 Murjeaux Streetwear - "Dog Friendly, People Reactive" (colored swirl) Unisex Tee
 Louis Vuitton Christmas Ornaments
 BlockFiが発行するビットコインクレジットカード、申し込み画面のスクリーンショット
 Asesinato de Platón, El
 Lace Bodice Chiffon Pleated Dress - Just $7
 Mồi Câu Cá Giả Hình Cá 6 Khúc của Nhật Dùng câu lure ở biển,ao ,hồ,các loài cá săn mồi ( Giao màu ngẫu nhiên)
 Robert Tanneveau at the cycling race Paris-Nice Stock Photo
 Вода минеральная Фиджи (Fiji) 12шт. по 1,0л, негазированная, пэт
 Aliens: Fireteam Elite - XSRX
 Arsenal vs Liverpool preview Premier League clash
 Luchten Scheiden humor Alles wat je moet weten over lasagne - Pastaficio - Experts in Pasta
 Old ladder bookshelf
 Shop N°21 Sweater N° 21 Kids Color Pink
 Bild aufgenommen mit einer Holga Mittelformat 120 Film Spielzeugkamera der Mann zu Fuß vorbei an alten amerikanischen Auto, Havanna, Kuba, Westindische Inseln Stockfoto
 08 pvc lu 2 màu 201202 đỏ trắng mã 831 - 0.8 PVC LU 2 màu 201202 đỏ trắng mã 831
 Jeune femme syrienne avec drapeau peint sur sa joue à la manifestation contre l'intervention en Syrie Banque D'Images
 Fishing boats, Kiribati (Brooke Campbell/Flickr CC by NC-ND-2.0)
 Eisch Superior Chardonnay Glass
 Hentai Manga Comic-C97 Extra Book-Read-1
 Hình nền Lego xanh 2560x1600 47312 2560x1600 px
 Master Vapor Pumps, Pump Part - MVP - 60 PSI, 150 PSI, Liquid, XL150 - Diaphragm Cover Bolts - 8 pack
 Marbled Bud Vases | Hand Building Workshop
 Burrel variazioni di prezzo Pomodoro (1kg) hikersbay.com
__________
● Work task
Produce a precise copy of all the material above.

● Answer for this exercise
 Murjeaux Streetwear - "Dog Friendly, People Reactive" (colored swirl) Unisex Tee
 Louis Vuitton Christmas Ornaments
 BlockFiが発行するビットコインクレジットカード、申し込み画面のスクリーンショット
 Asesinato de Platón, El
 Lace Bodice Chiffon Pleated Dress - Just $7
 Mồi Câu Cá Giả Hình Cá 6 Khúc của Nhật Dùng câu lure ở biển,ao ,hồ,các loài cá săn mồi ( Giao màu ngẫu nhiên)
 Robert Tanneveau at the cycling race Paris-Nice Stock Photo
 Вода минеральная Фиджи (Fiji) 12шт. по 1,0л, негазированная, пэт
 Aliens: Fireteam Elite - XSRX
 Arsenal vs Liverpool preview Premier League clash
 Luchten Scheiden humor Alles wat je moet weten over lasagne - Pastaficio - Experts in Pasta
 Old ladder bookshelf
 Shop N°21 Sweater N° 21 Kids Color Pink
 Bild aufgenommen mit einer Holga Mittelformat 120 Film Spielzeugkamera der Mann zu Fuß vorbei an alten amerikanischen Auto, Havanna, Kuba, Westindische Inseln Stockfoto
 08 pvc lu 2 màu 201202 đỏ trắng mã 831 - 0.8 PVC LU 2 màu 201202 đỏ trắng mã 831
 Jeune femme syrienne avec drapeau peint sur sa joue à la manifestation contre l'intervention en Syrie Banque D'Images
 Fishing boats, Kiribati (Brooke Campbell/Flickr CC by NC-ND-2.0)
 Eisch Superior Chardonnay Glass
 Hentai Manga Comic-C97 Extra Book-Read-1
 Hình nền Lego xanh 2560x1600 47312 2560x1600 px
 Master Vapor Pumps, Pump Part - MVP - 60 PSI, 150 PSI, Liquid, XL150 - Diaphragm Cover Bolts - 8 pack
 Marbled Bud Vases | Hand Building Workshop
 Burrel variazioni di prezzo Pomodoro (1kg) hikersbay.com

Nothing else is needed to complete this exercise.